> [Requirement]: The entire listing that follows must be repeated exactly, pictures excluded.

(Data section)

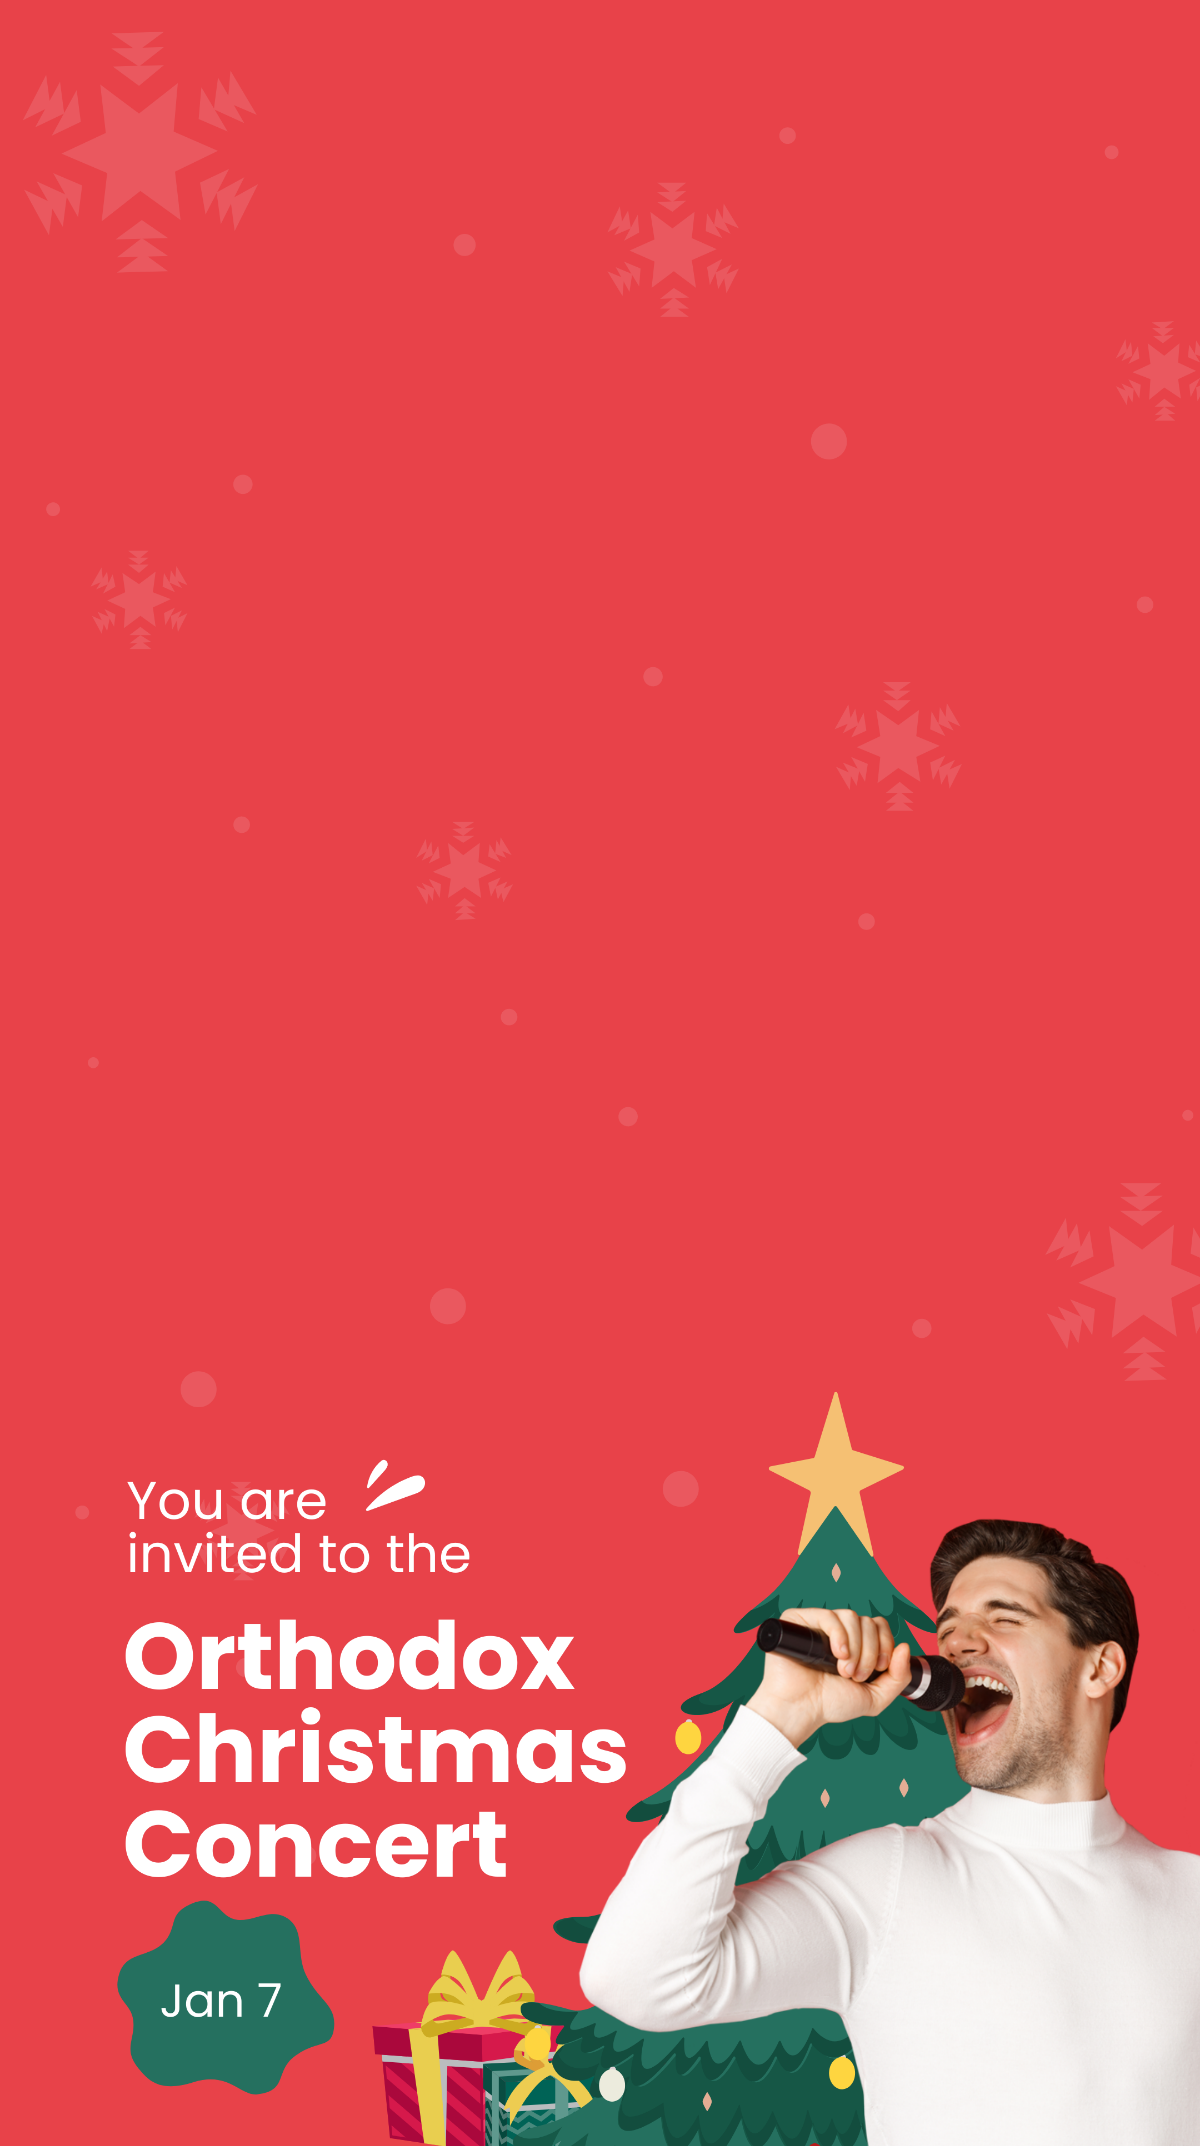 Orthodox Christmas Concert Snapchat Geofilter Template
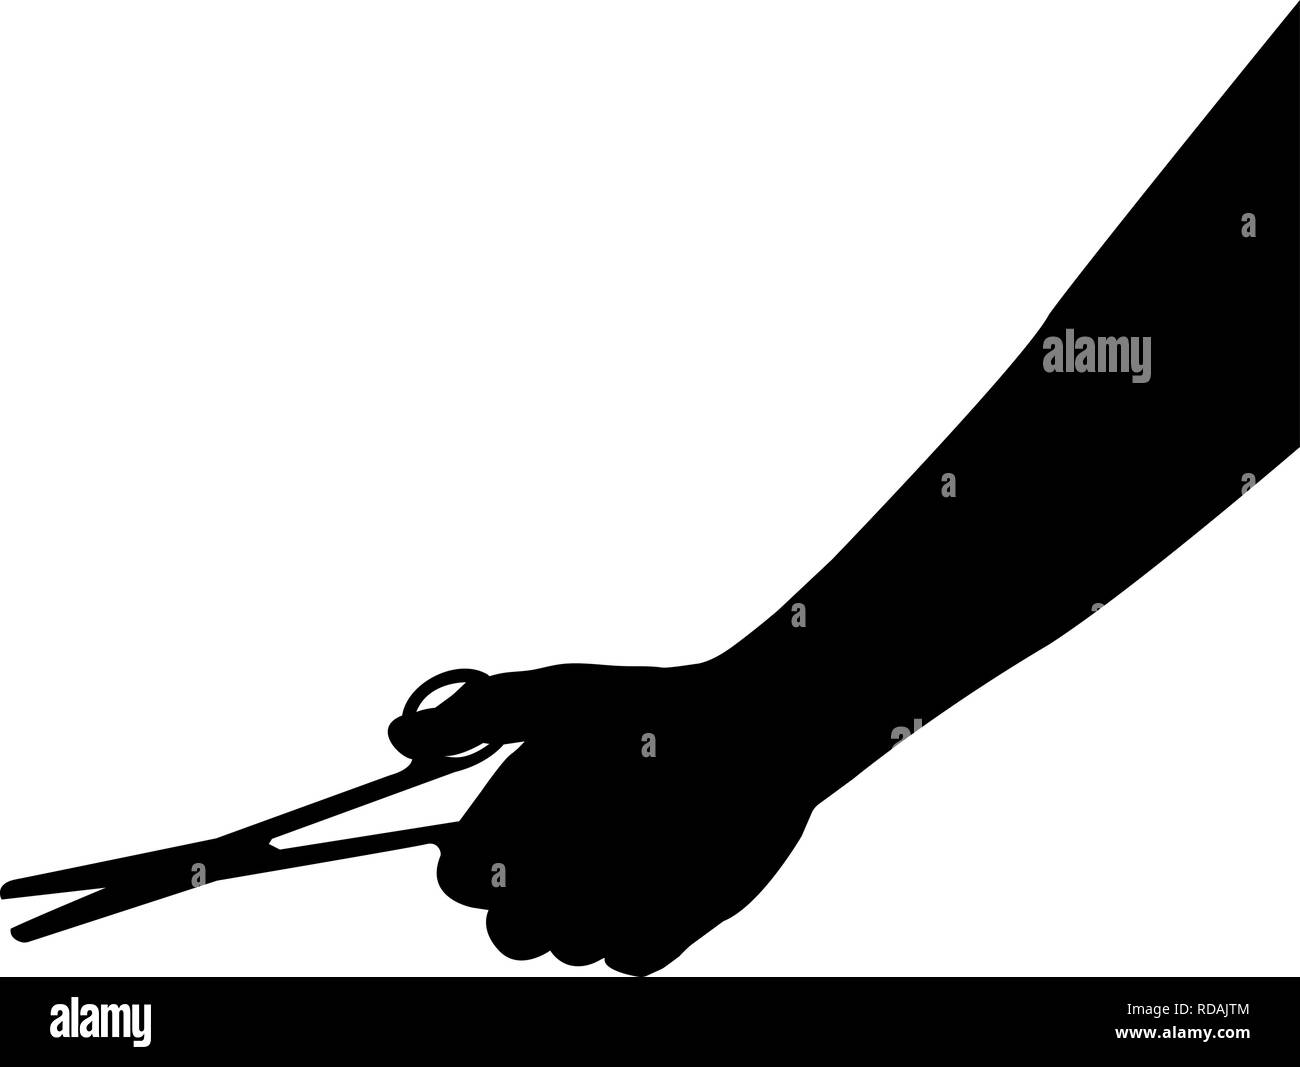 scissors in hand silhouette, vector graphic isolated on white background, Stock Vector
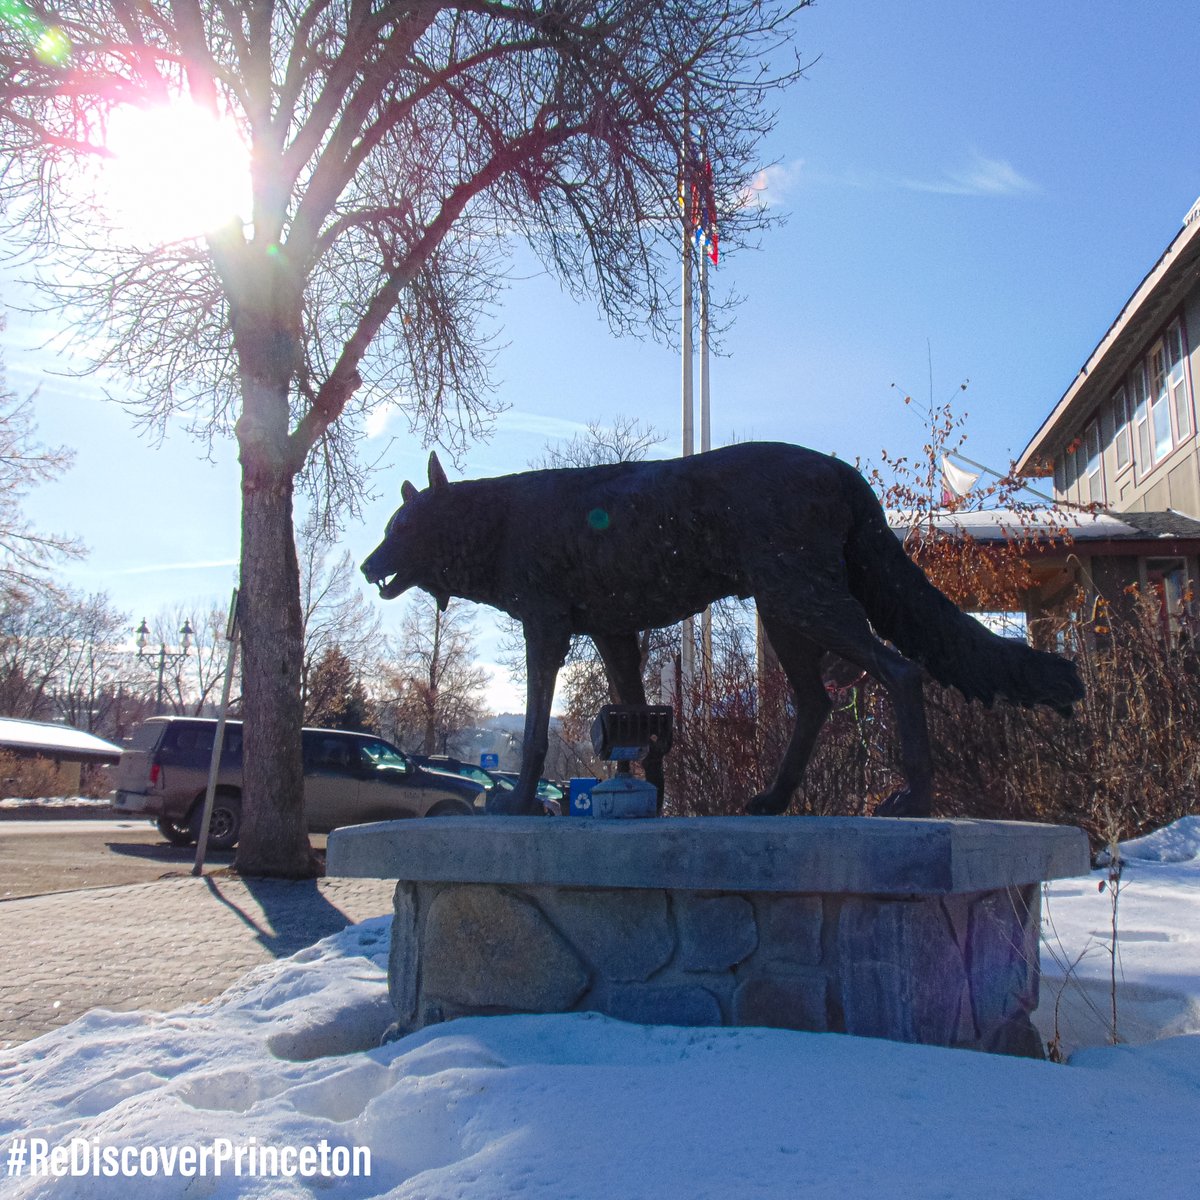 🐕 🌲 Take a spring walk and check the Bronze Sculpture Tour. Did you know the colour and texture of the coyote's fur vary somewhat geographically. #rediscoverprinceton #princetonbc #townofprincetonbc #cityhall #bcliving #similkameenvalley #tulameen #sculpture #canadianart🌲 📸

(End Data section)

> [Written solution]:
 Orthodox Christmas Concert Snapchat Geofilter Template
 scissors in hand silhouette, vector graphic isolated on white background, Stock Vector
 🐕 🌲 Take a spring walk and check the Bronze Sculpture Tour. Did you know the colour and texture of the coyote's fur vary somewhat geographically. #rediscoverprinceton #princetonbc #townofprincetonbc #cityhall #bcliving #similkameenvalley #tulameen #sculpture #canadianart🌲 📸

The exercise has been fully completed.